Clarke asked Van Meter how those restrictions aren’t considered substantial interference with a church’s faith-based activities.

“If their faith is grounded on ‘we feed the hungry when they’re hungry, we don’t feed them because the government says we do it on Tuesday morning’ — that’s their sincerely held religious belief,” the judge said. “How can you tell them, ‘well, we get that, but you can only do it on these days,’ how can that not be a substantial interference?”

Van Meter also argued that Sondag’s statement regarding the church helping someone displaced from their home due to a fire in the middle of the night doesn’t apply to the city’s ordinance since it regulates food service operations.

She also answered the judge’s query by making an analogy to the church operating a 24/7 recovery cafe with a “giant pink neon signs that flashes 24/7.”

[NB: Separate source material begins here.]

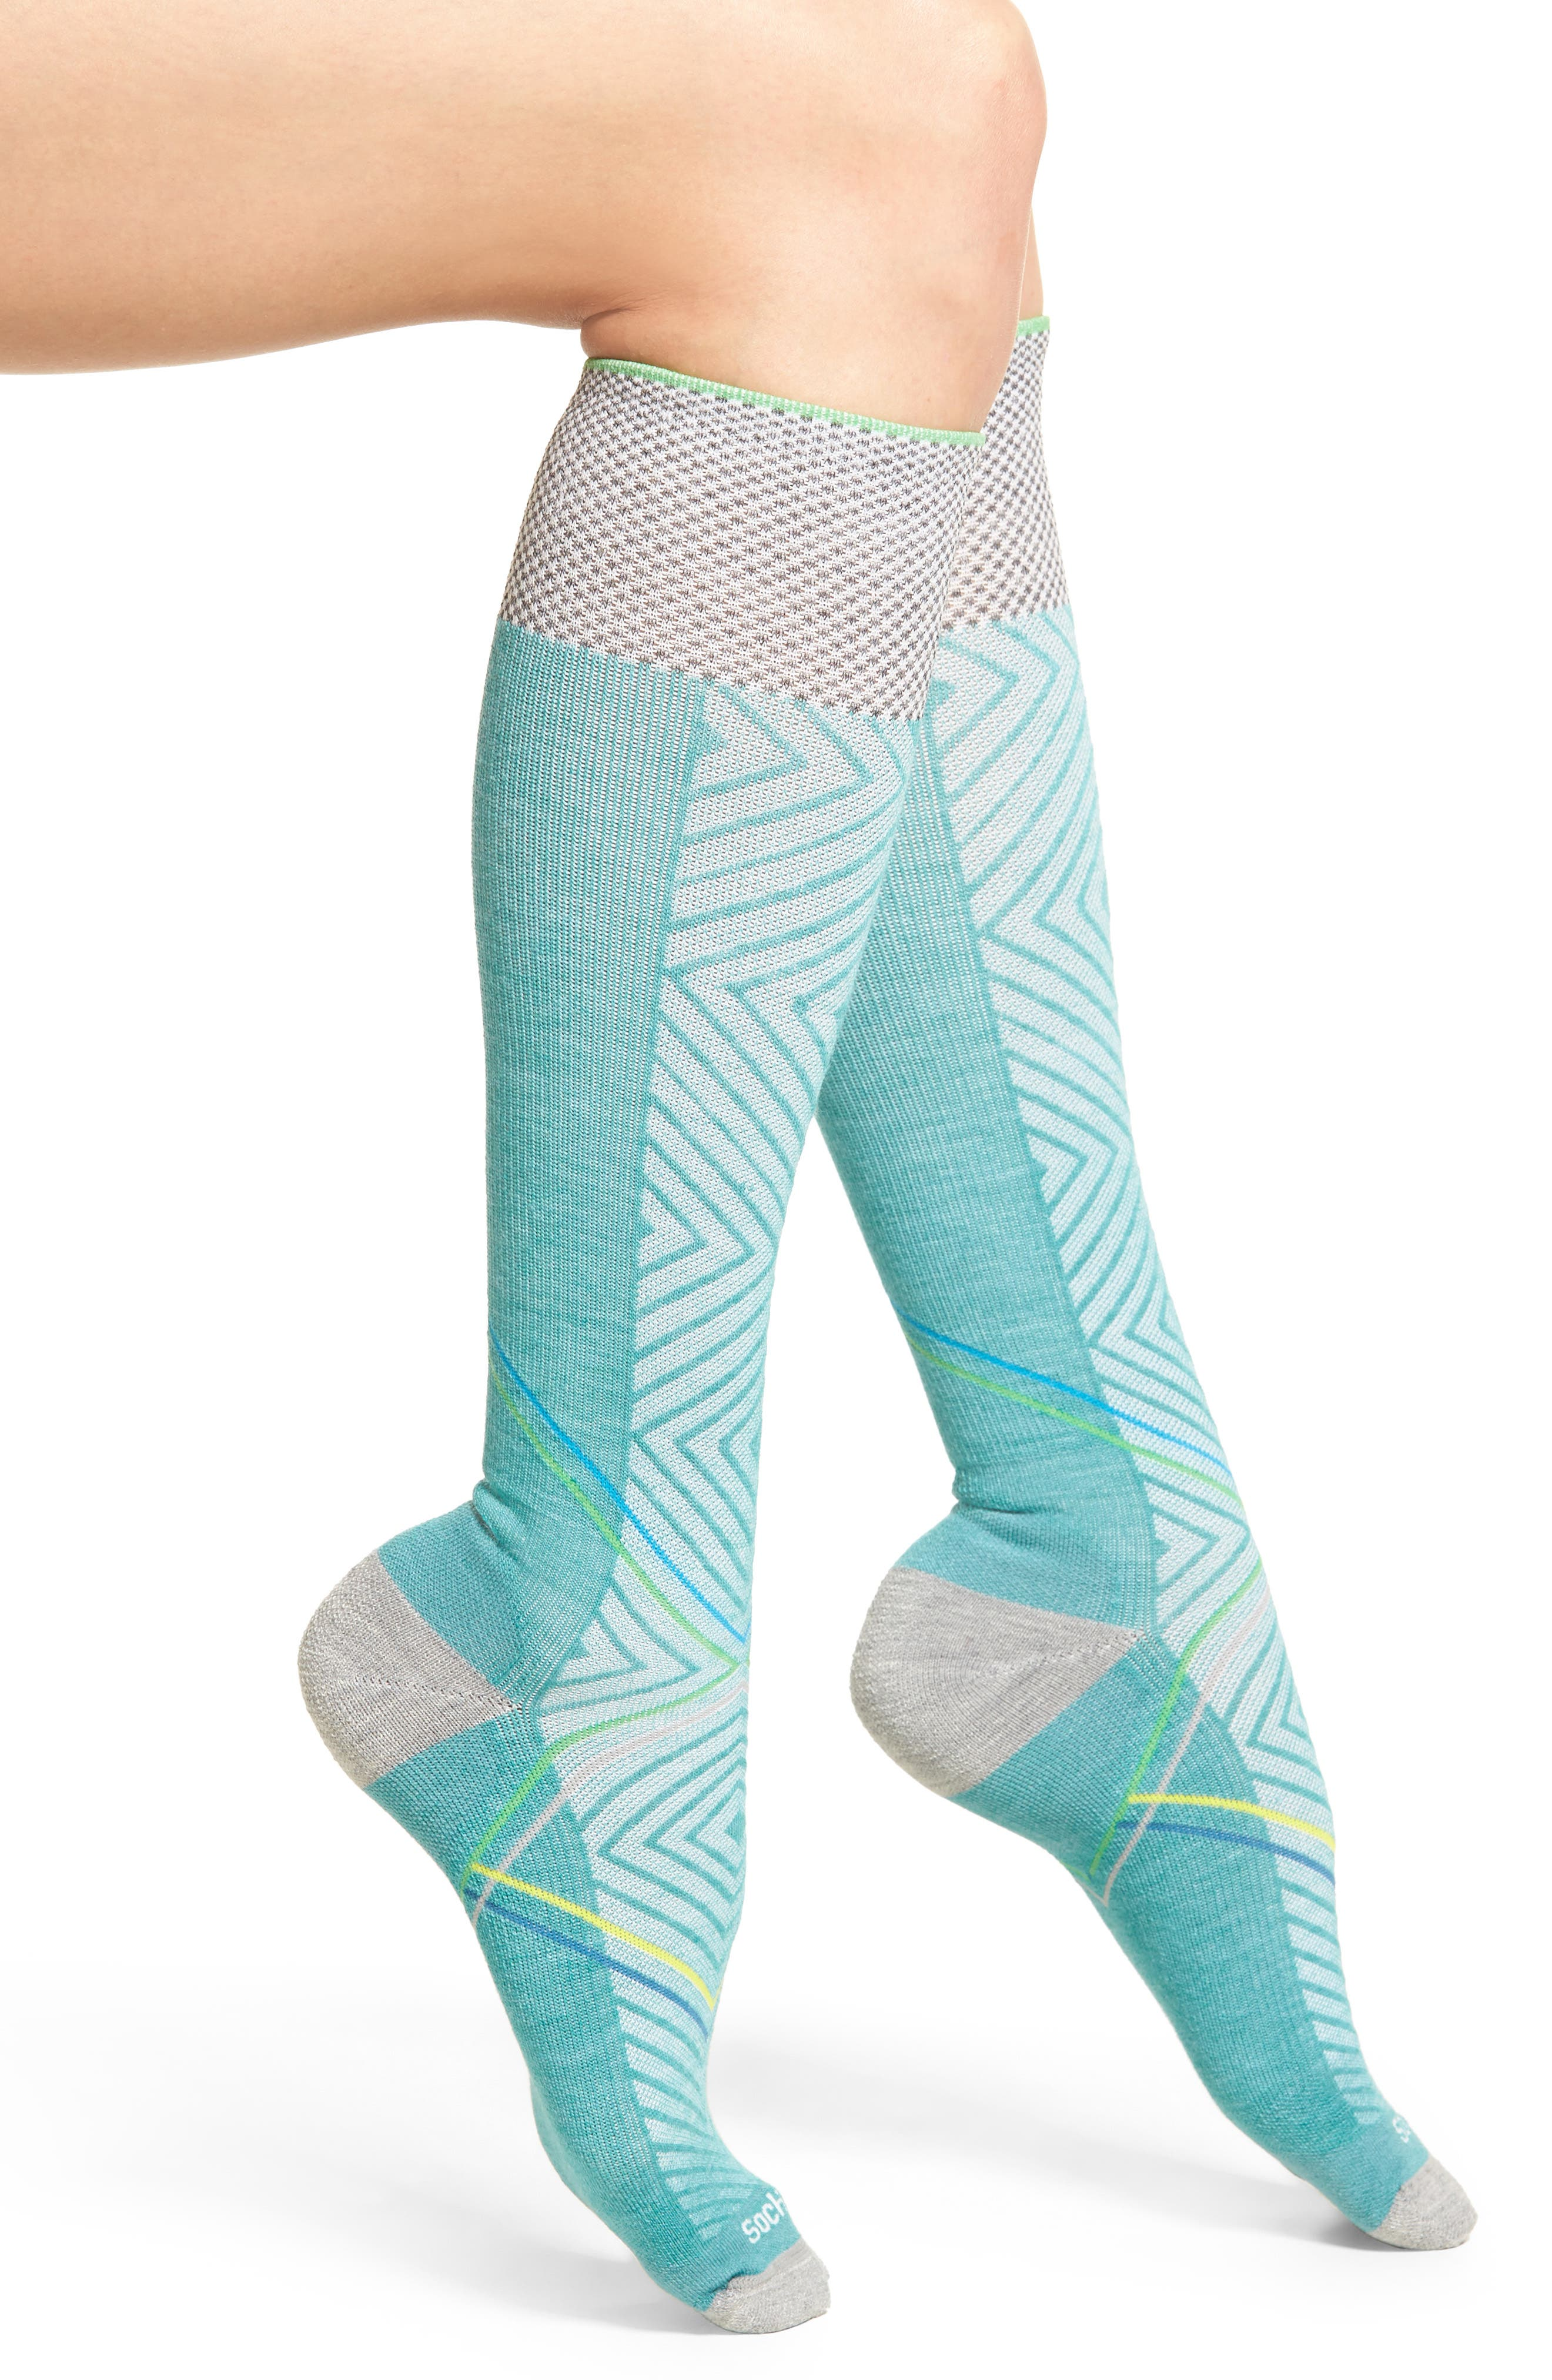 Pulse Compression Knee Socks,                         Main,                         color, 330
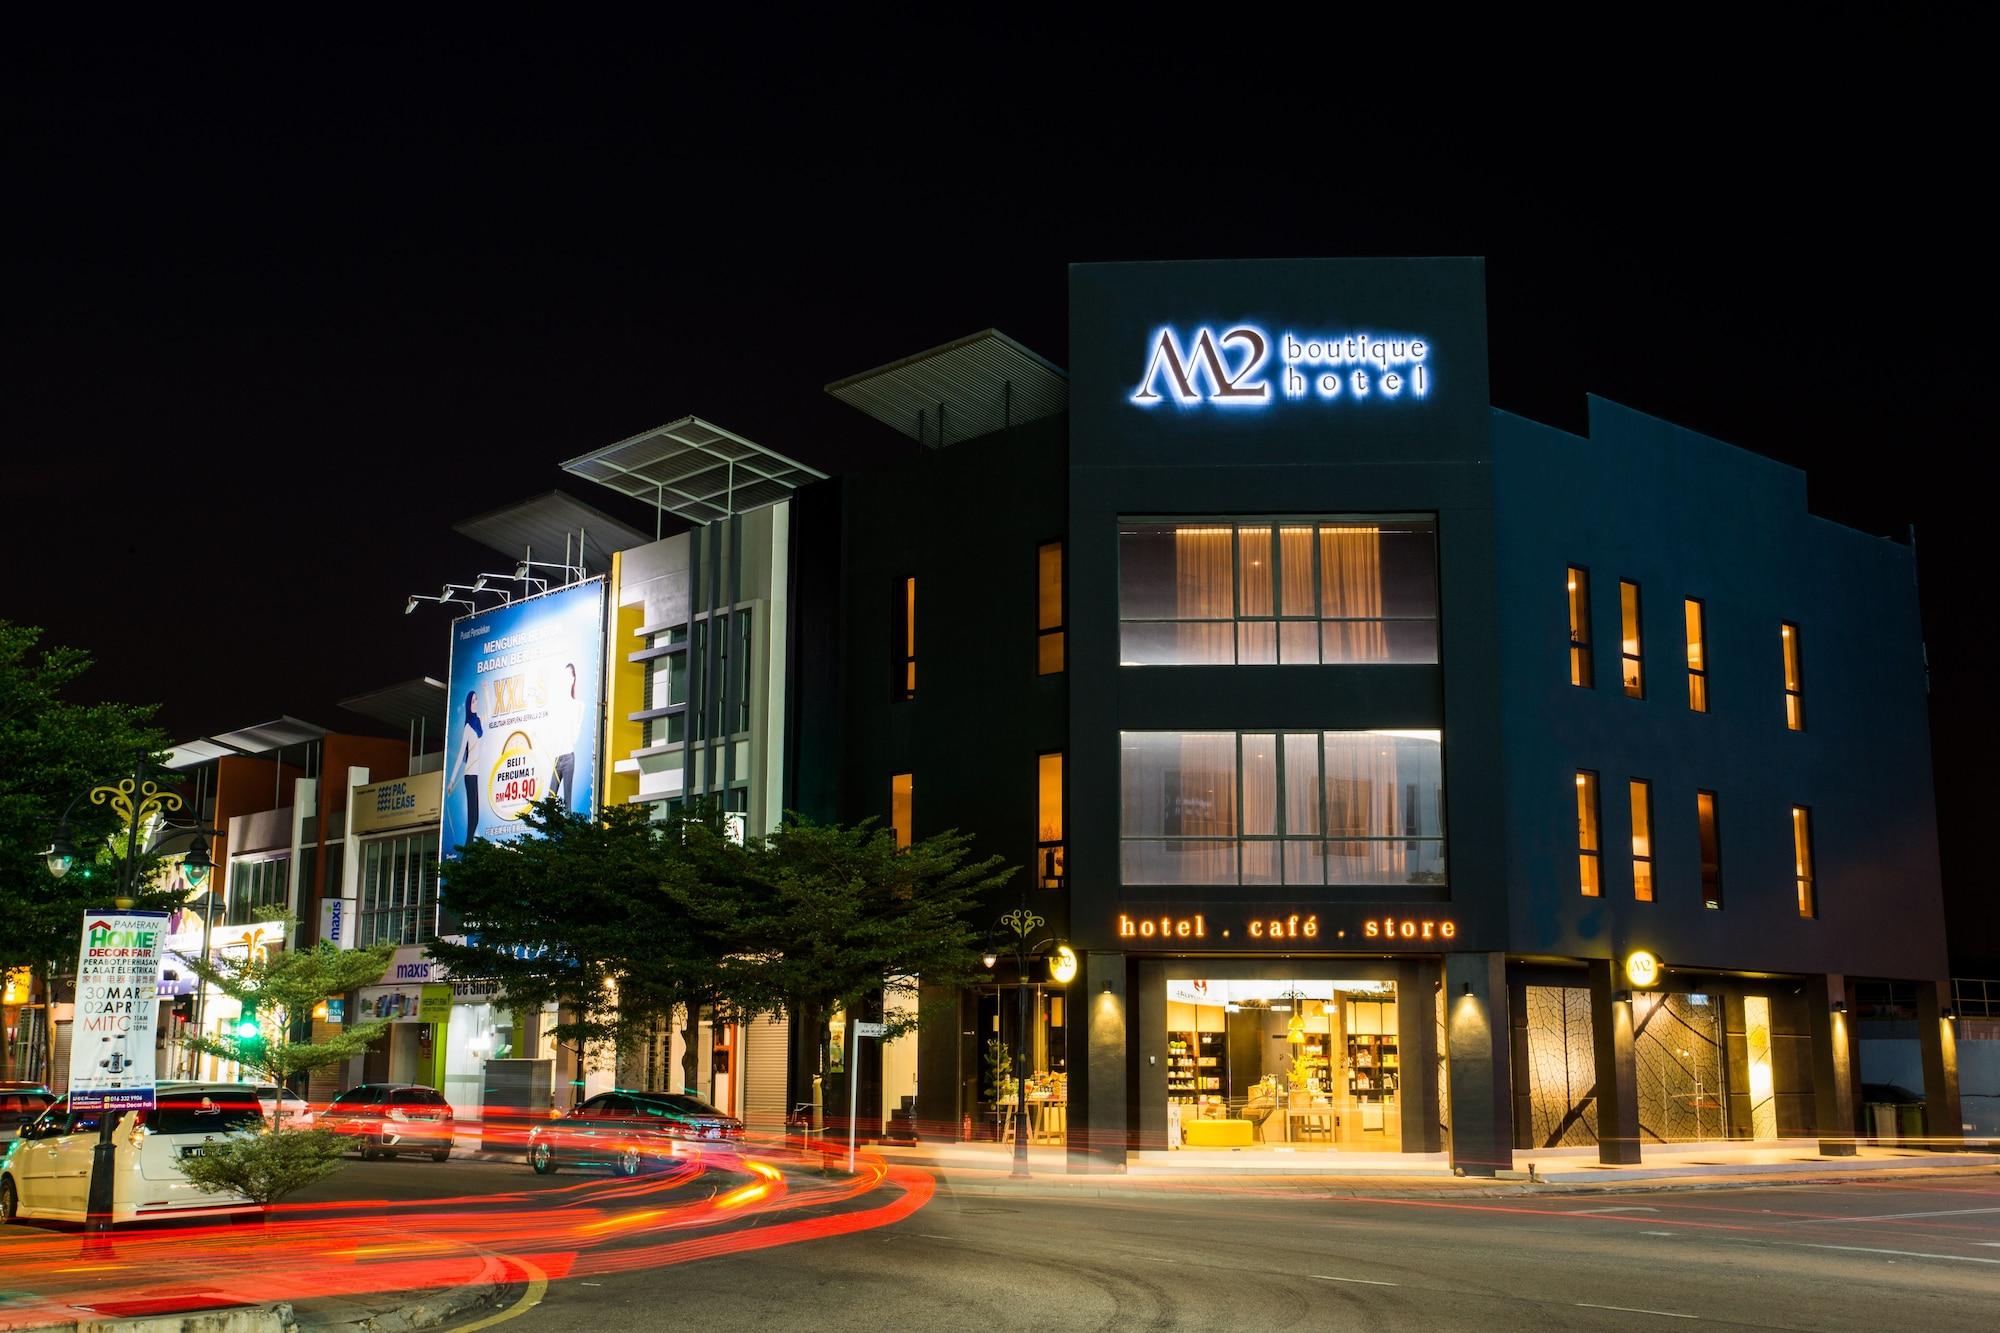 M2 Boutique Hotel, Kota Melaka

“… and that’s part of our decision, our personal decision of how we are going to feed the needy,” Van Meter said, continuing her analogy. “Under the plaintiff’s argument, that has to be allowed even in a residential zone. There is a limit and what the city has been trying to do in various ways for two years, over two years now, is find out … ‘how can we work together so you can continue your meal services?’”

In his argument on behalf of the U.S. Department of Justice’s statement of interest, Lapertosa said Brookings’ ordinance imposes a substantial burden because it affects interstate commerce. He pointed out that members of Smith River United Methodist Church travel across the California-Oregon border to staff one of the four meal services hosted at St. Timothy’s.

“Alleviating that substantial burden would obviously affect interstate commerce by allowing those volunteers to continue that service,” he said. “And I would add that just because people from other churches are coming in … that doesn’t mean that is not fully part of St. Timothy’s religious exercises because it’s actually hosting that activity. Churches do that all the time.”

Lapertosa also argued that the Brookings city code doesn’t define what a restaurant is. They took that definition from the Oregon health codes applying to commercial kitchens. However, he noted that there are other conditional land uses in residential zones that have commercial kitchens that fall under the state’s broad definition of what a restaurant is. These include hospitals with cafeterias, country clubs and nursing homes with dining rooms as well as bed and breakfasts, Lapertosa said. In those cases, he said, serving meals is an allowable use of property in a residential zone.

Under Brookings’ benevolent meal service ordinance, since it’s just churches providing those services, they’re required to apply for a separate permit over and above their conditional use permit to operate their church at all, Lapertosa said. The ordinance’s restrictions on the number of days or hours those meals can be provided only applies to churches, he said.

Before the City Council adopted the ordinance, St. Timothy had a reasonable expectation that they could continue to serve meals just as they had been doing since 2009, Lapertosa argued. The city hadn’t put the church on notice that its meal ministry was a prohibited activity, he said.

“There is no way that St. Timothy’s could have predicted that Brookings was, first going to force them to become licensed through the Oregon Health Authority as a restaurant,” Lapertosa said, “and then turn around and use the same definition of restaurant, saying that you’re actually prohibited operating this use in a residential neighborhood.”

In his closing remarks, Clarke acknowledged that arguments from both sides raise important issues. He said he would review both sides’ comments as well as the briefings and records and “get at it.”